Please write out exactly the lines from the one with "Market of imitation" through the end of the data below, both ends included, and omit any pictures.

Information provided:
++++++

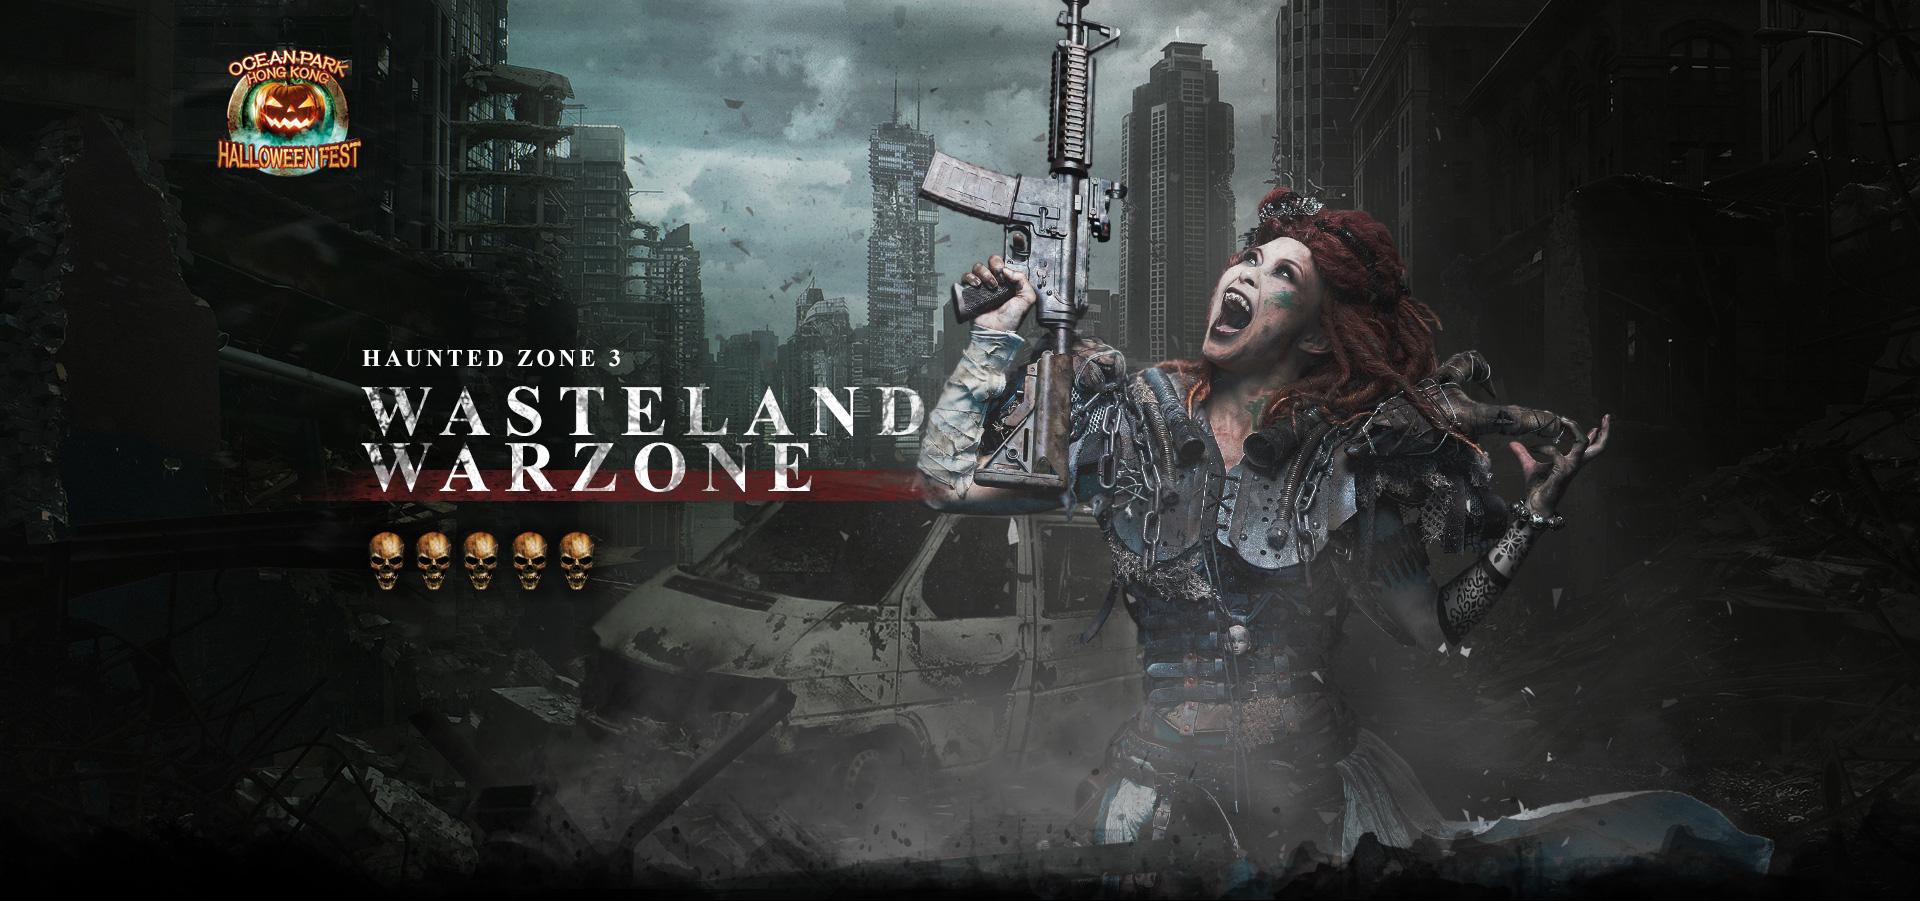 Wasteland Warzone
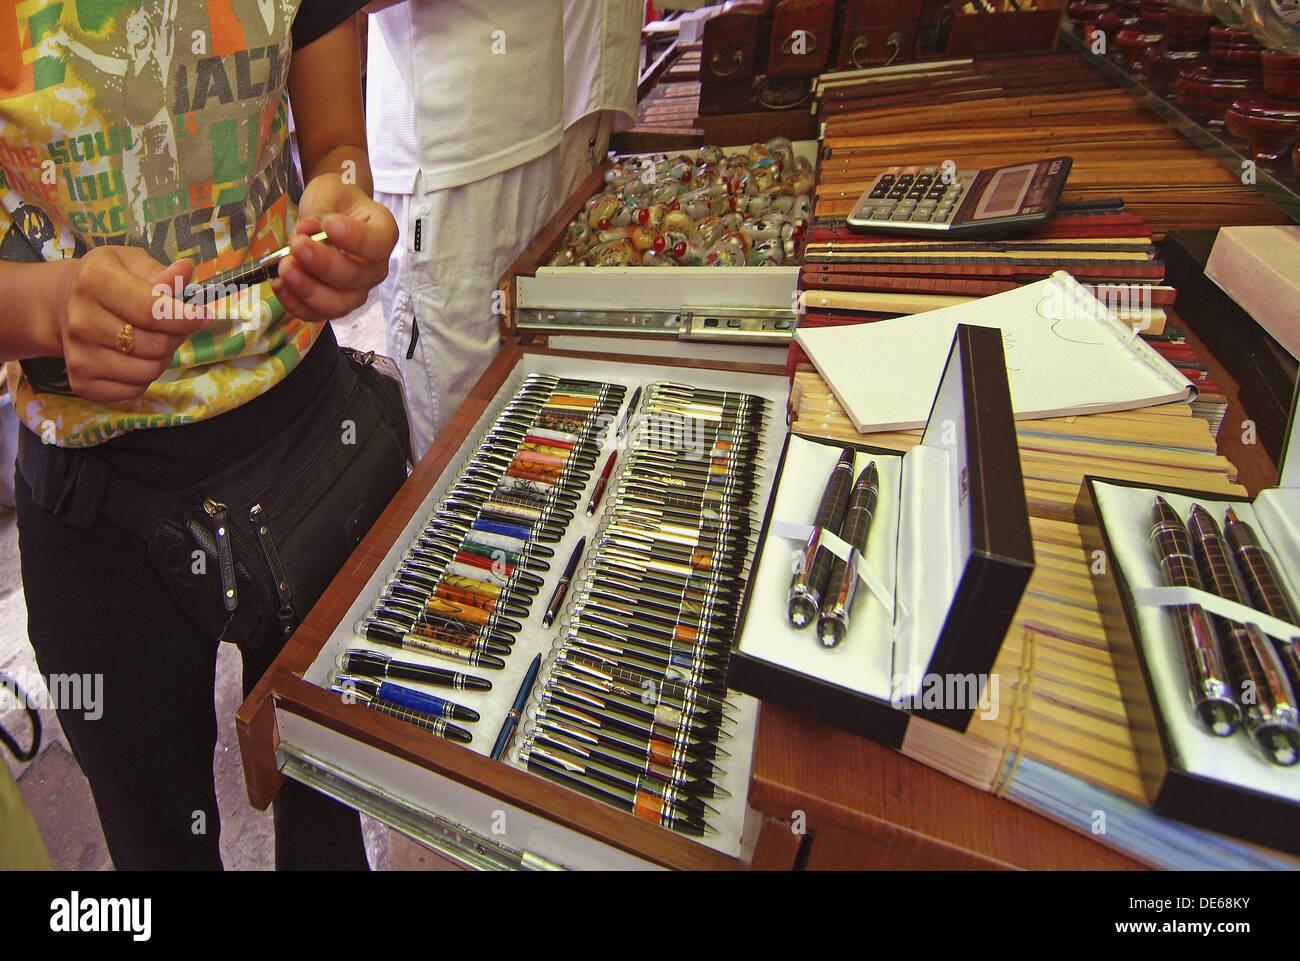 Market of imitation brand goods, Shanghai, China - Stock Image
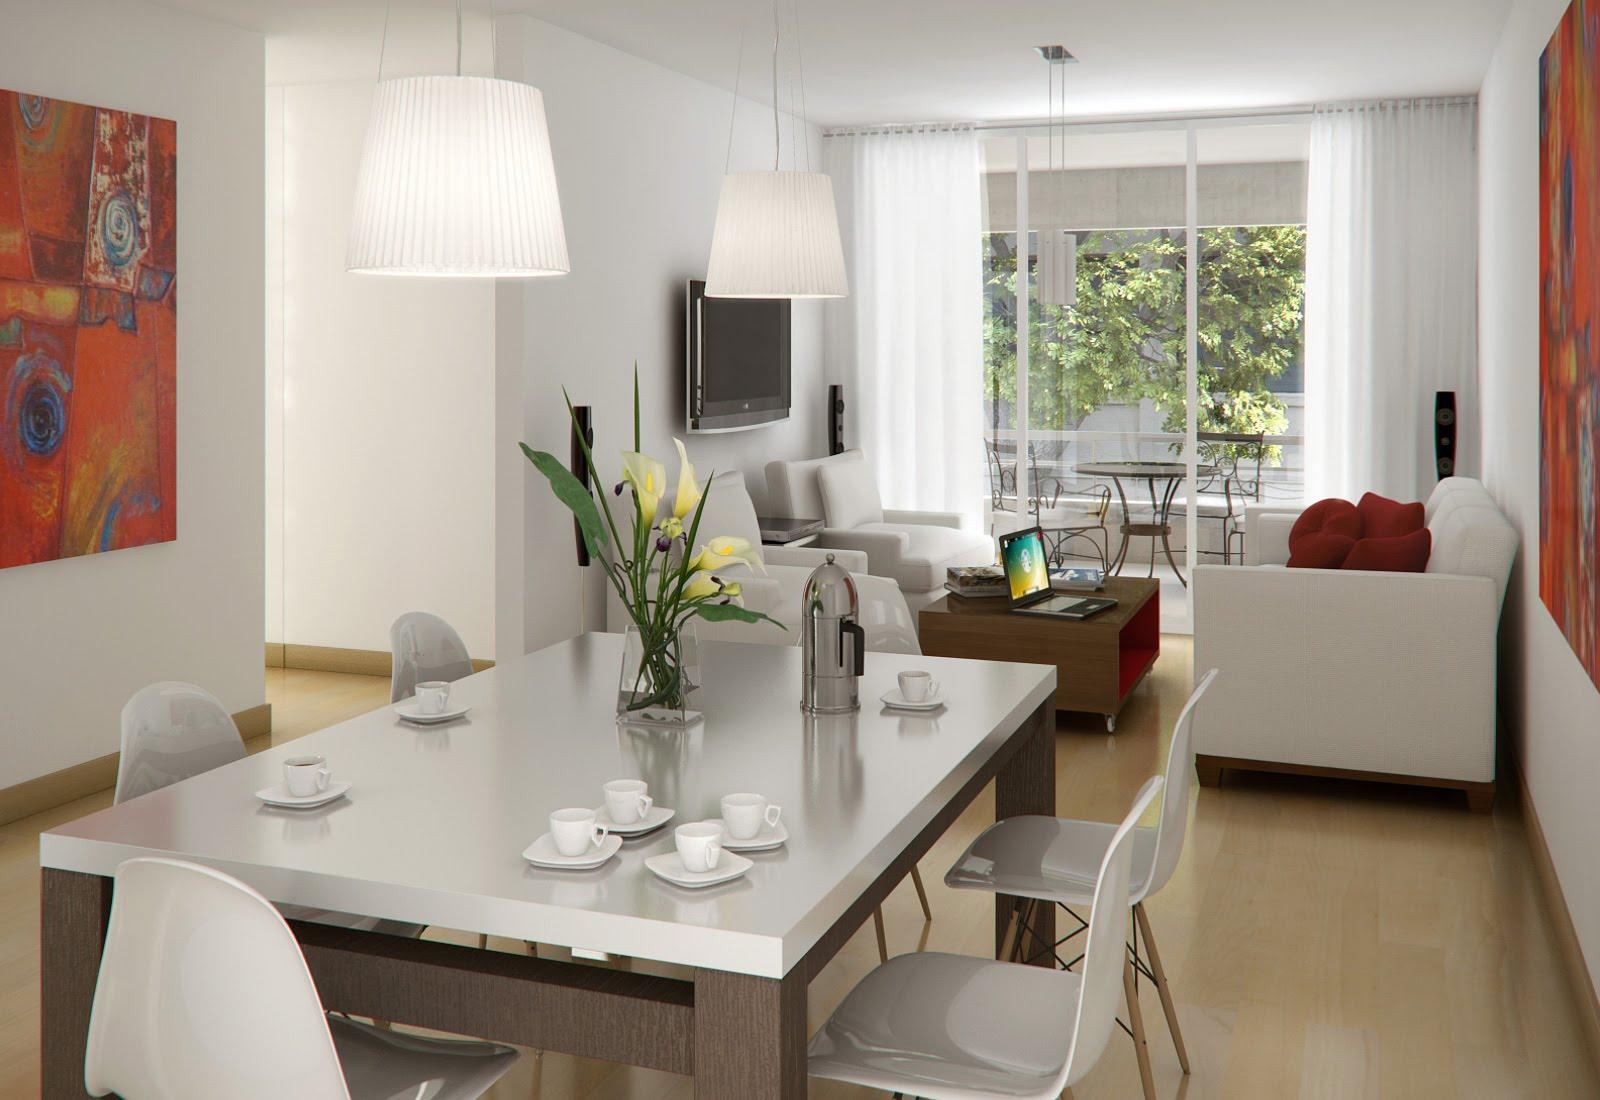 Claudio gabriel escobar 3d 2d arquitectura y render for Cocina de comedor

++++++

Written response:
 Market of imitation brand goods, Shanghai, China - Stock Image
 Claudio gabriel escobar 3d 2d arquitectura y render for Cocina de comedor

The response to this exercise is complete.